* [INSTRUCTIONS TO FOLLOW] Output each record exactly as given. Leave out every picture.

Stored data entries
--- START ---
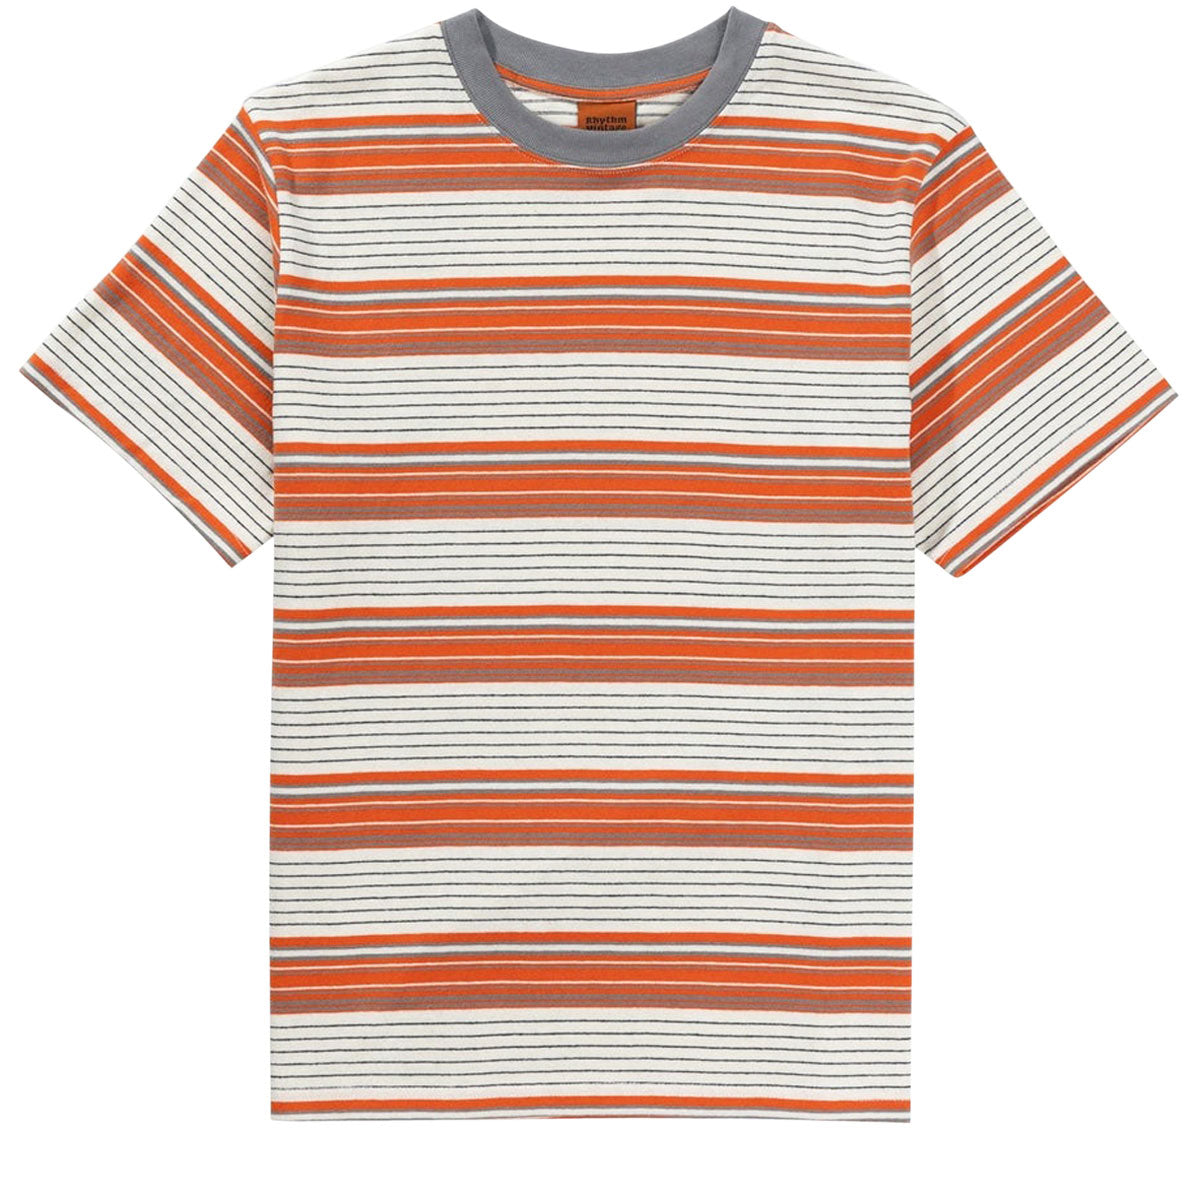 Rhythm Vintage Stripe T-Shirt - Natural image 1
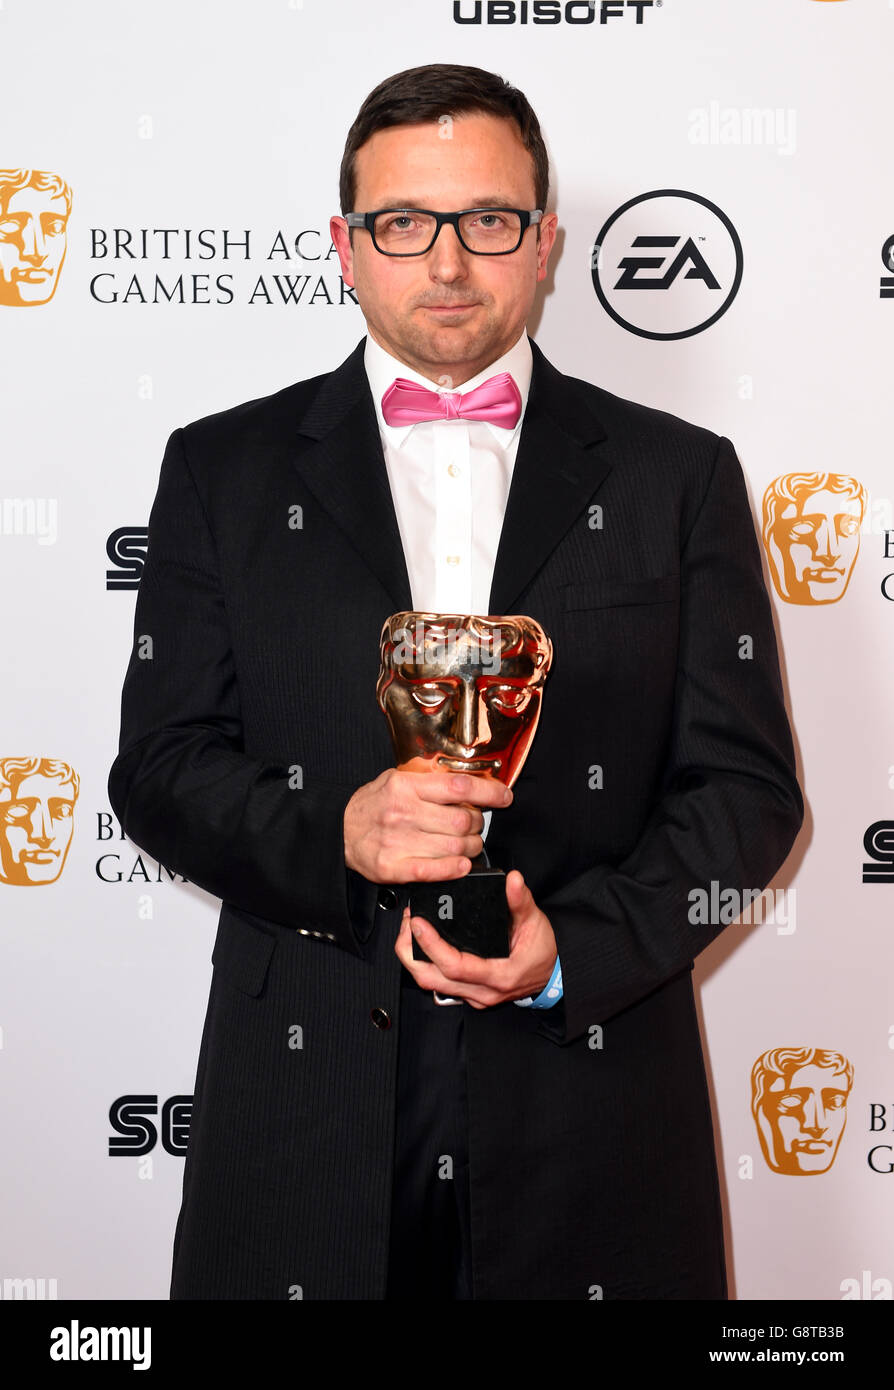 Naomi Kyle attending the British Academy Games Awards 2016, London
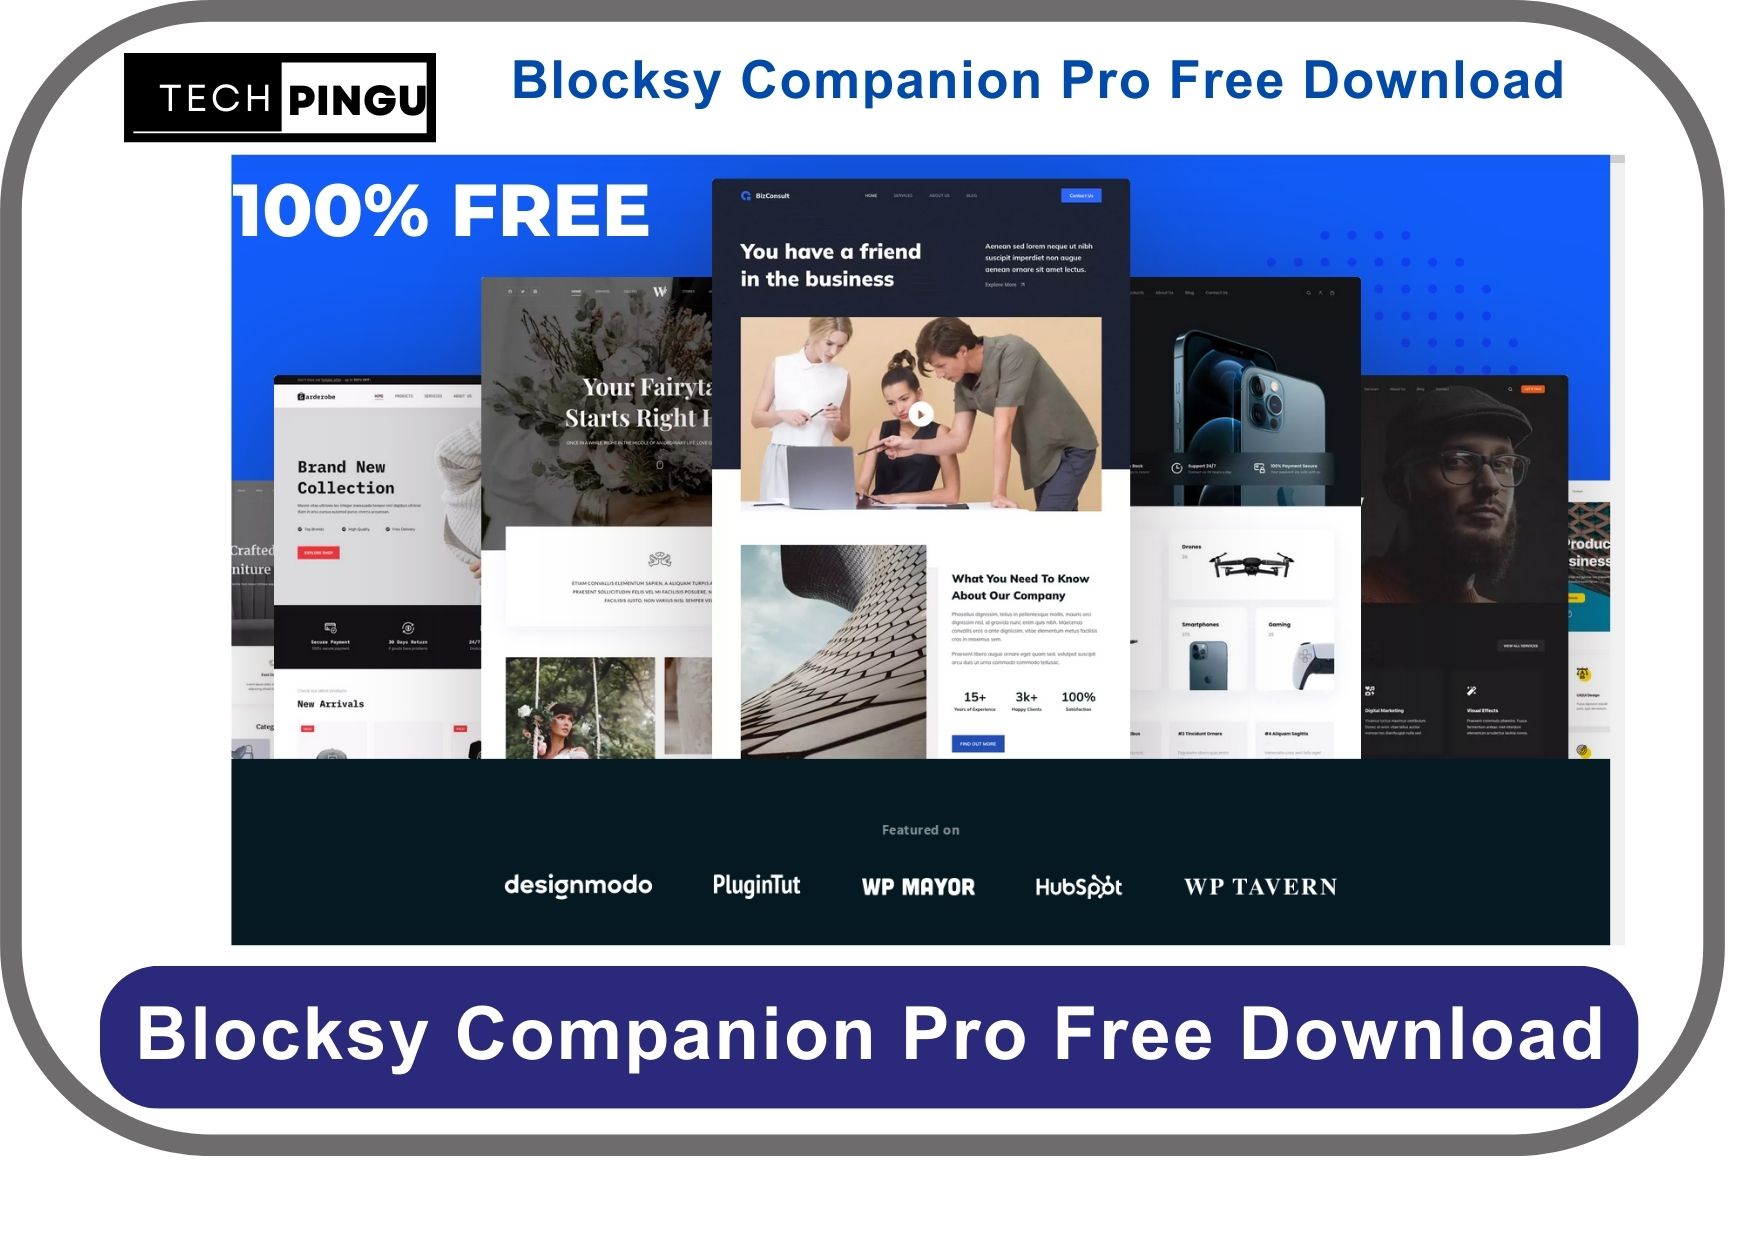 Blocksy Companion Pro Free Download
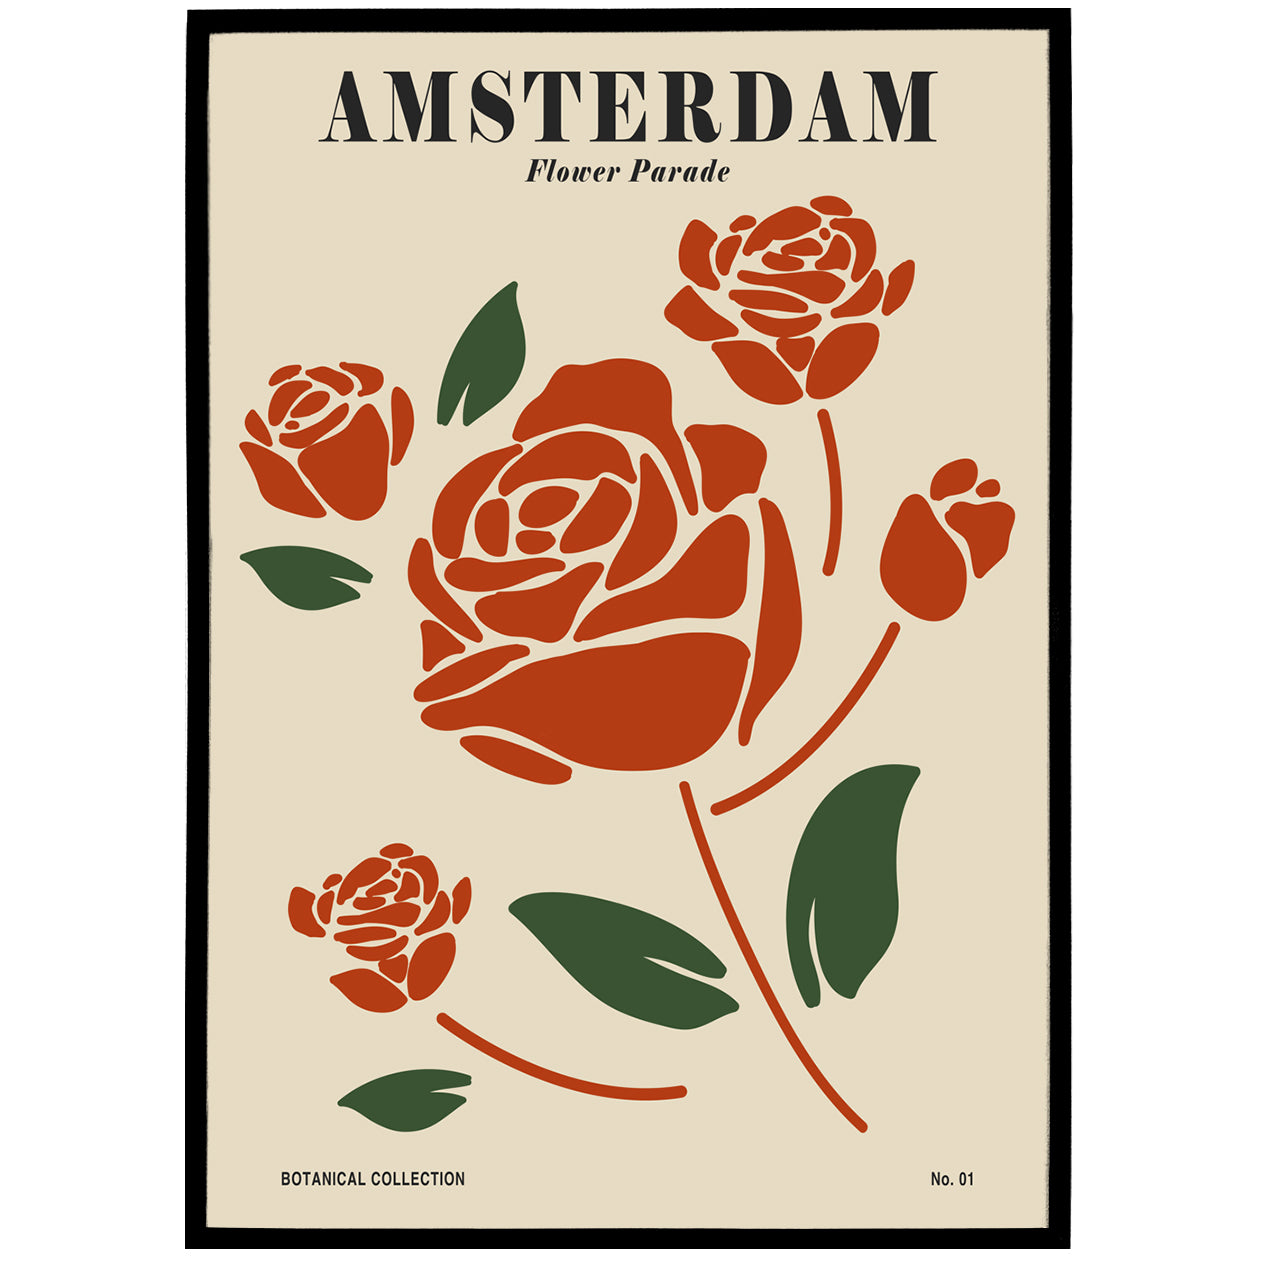 Amsterdam Flower Parade Poster
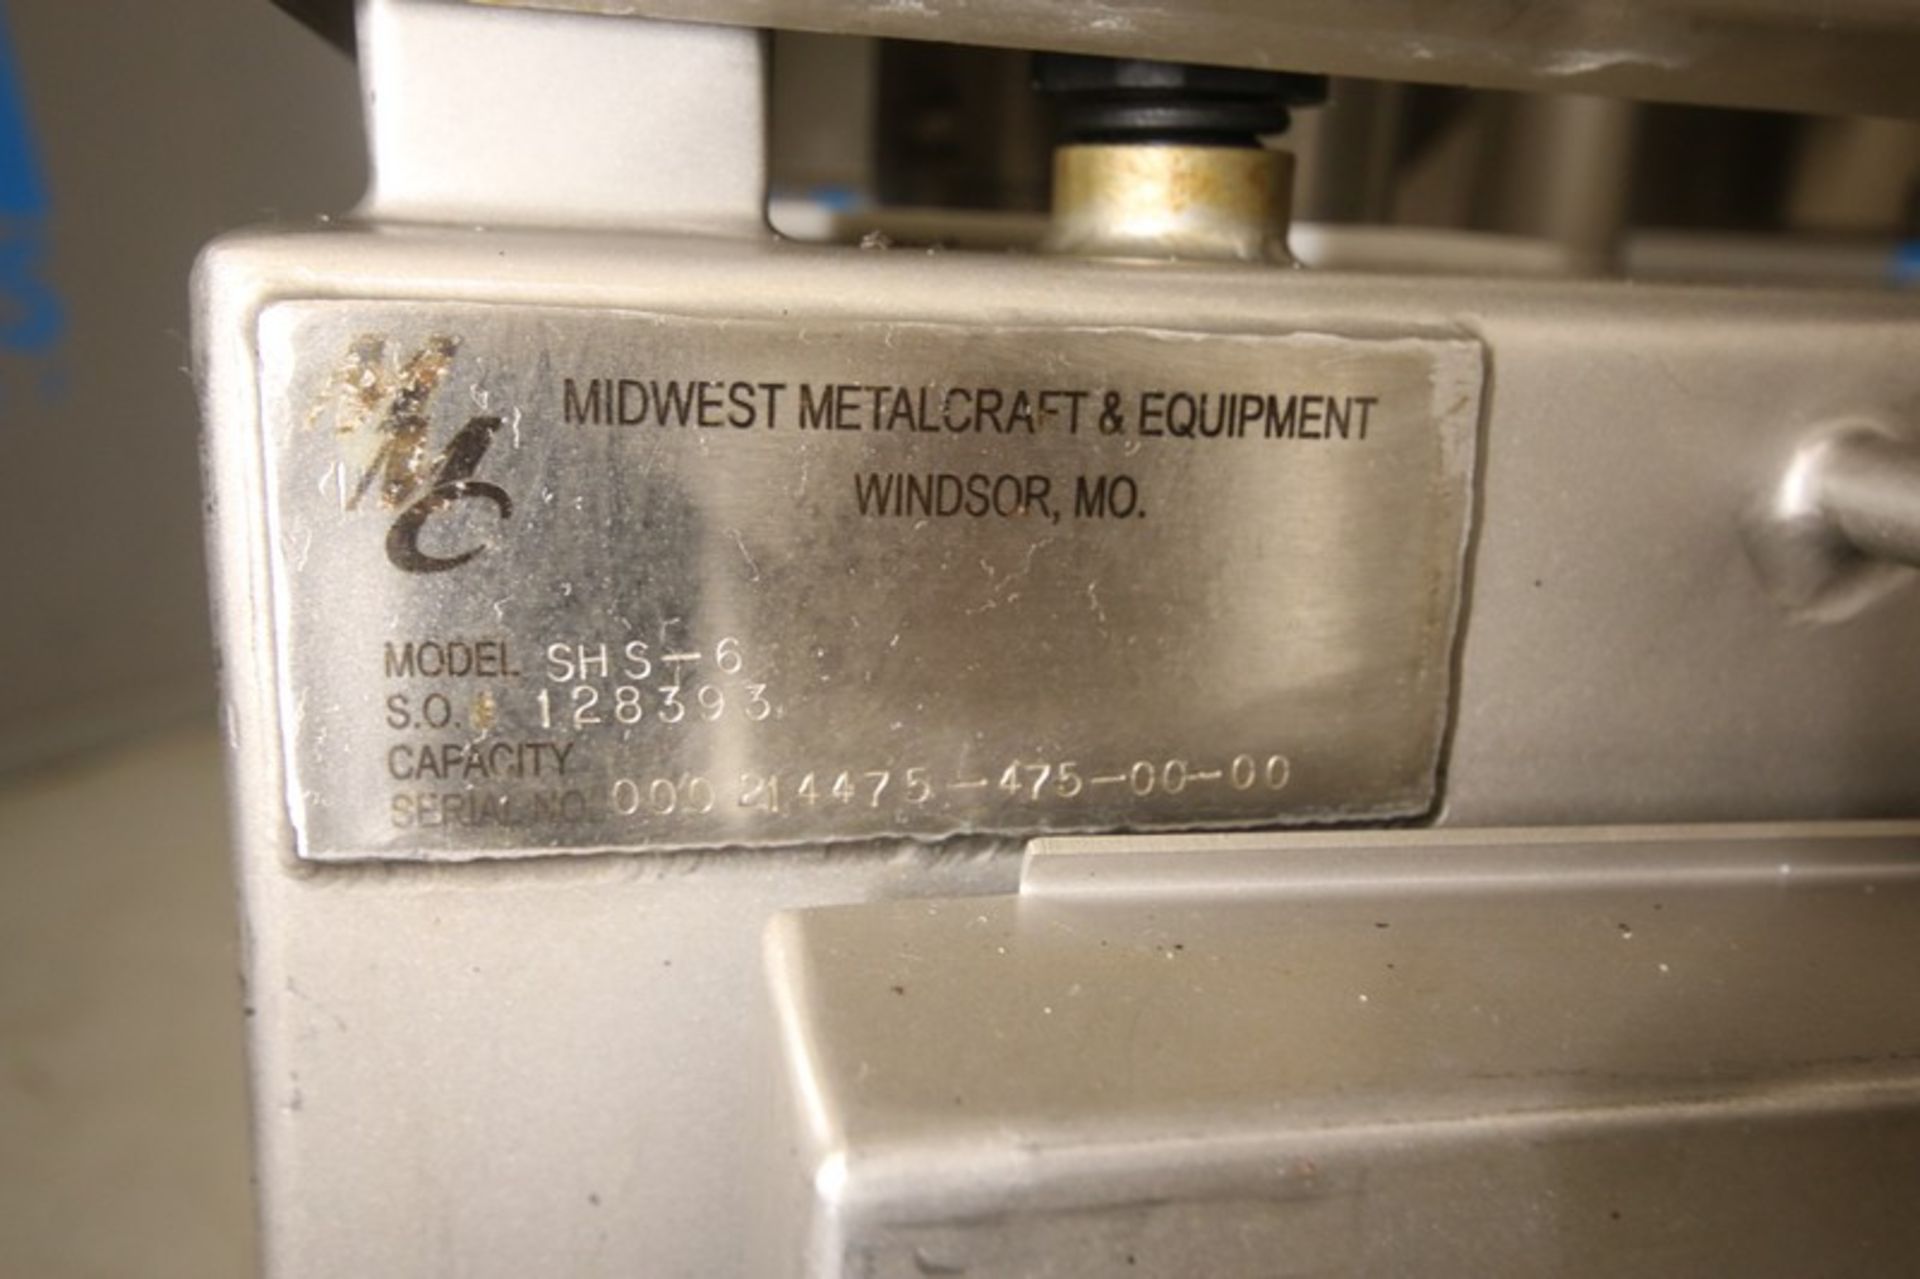 Midwest Metalcraft Equipment Spirocutter,Model SHS-6, SN 000214475-475-00-00, Mitsubishi Melsec - Image 9 of 9
--- END ---
* [RESPONSE TO THIS TASK]
 Rhythm Vintage Stripe T-Shirt - Natural image 1
 Naomi Kyle attending the British Academy Games Awards 2016, London
 Blocksy Companion Pro Free Download
 Amsterdam Flower Parade Poster
 Midwest Metalcraft Equipment Spirocutter,Model SHS-6, SN 000214475-475-00-00, Mitsubishi Melsec - Image 9 of 9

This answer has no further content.